Classrooms have Epson projectors. The school uses ManageBac as a digital classroom, where digital resources are integrated as multimedia elements, such as videos and interactive quizzes.

HUS has two information and communications technology (ICT) labs, where primary students gain hands-on experience in basic computer functions like Microsoft Paint and Excel. HUS has two libraries, one for the PYP programme and one for the MYP/DP programme, and three laboratories, one for each of the three major sciences, as well as two specialised arts classrooms.

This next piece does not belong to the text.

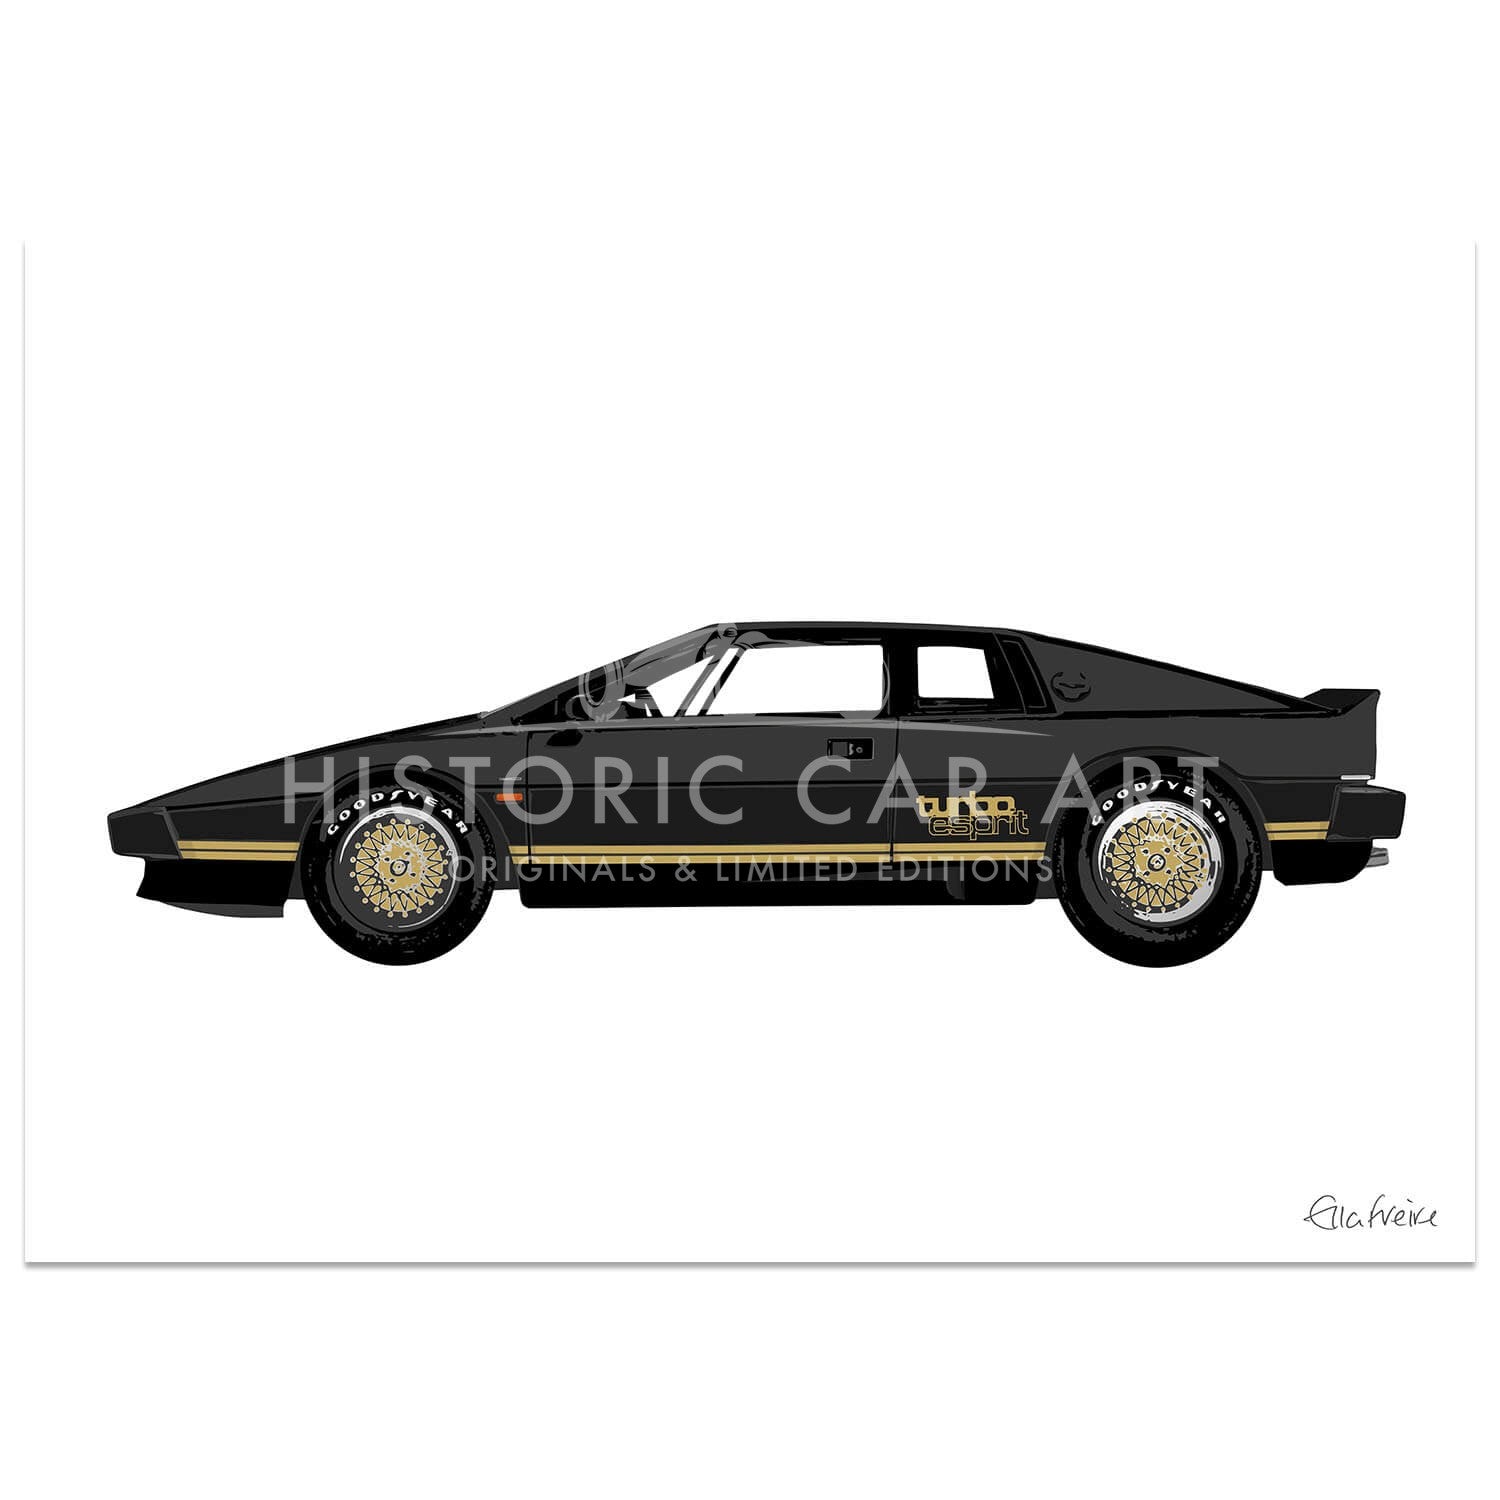 Lotus Esprit Turbo | Black | Art Print

HUS also has a Special Education Needs (SEN) department that offers personalized support to students with diverse learning requirements, although students report that it is minimal, unhelpful, and comment that the staff have degrading views on friends that have special requirements. Additionally, digital platforms are utilized to streamline administrative tasks and improve communication among parents, teachers, and students.

== House System ==
Students are divided into units called "houses," and each student is allocated to one house, named after famous warrior classes. The four houses are Kshatriyas (yellow), Cavaliers (green), Samurais (red, previously orange), and Knights (light blue). These houses compete in sports and other activities to win house points, aiming to get a house trophy in three divisions (EYP, PYP, and MYP/DP). As of 2026, Kshatriyas are the two-time PYP and MYP/DP champions, building a streak to rival the Samurais' previous long winning streak.

== Controversy ==

In 2016, hundreds of parents and several instructors staged a multi-day protest outside the school due to differences with the administration. This led to the school being closed for one week. There were claims that the school's British director had insulted many Indian freedom fighters and did not allow the children to sing the National anthem. In addition, there were claims that the school director harassed teachers and students. The school would also not allow children to bring their own lunches until they got an order from the Madras High Court but parents still claim that the school discriminates against students bringing their own food instead of using the onsite caterer, Sodexo.

In 2017, CBSE disaffiliated the school, and the school slowly switched from IGCSE (Cambridge) and now only offers the IB program.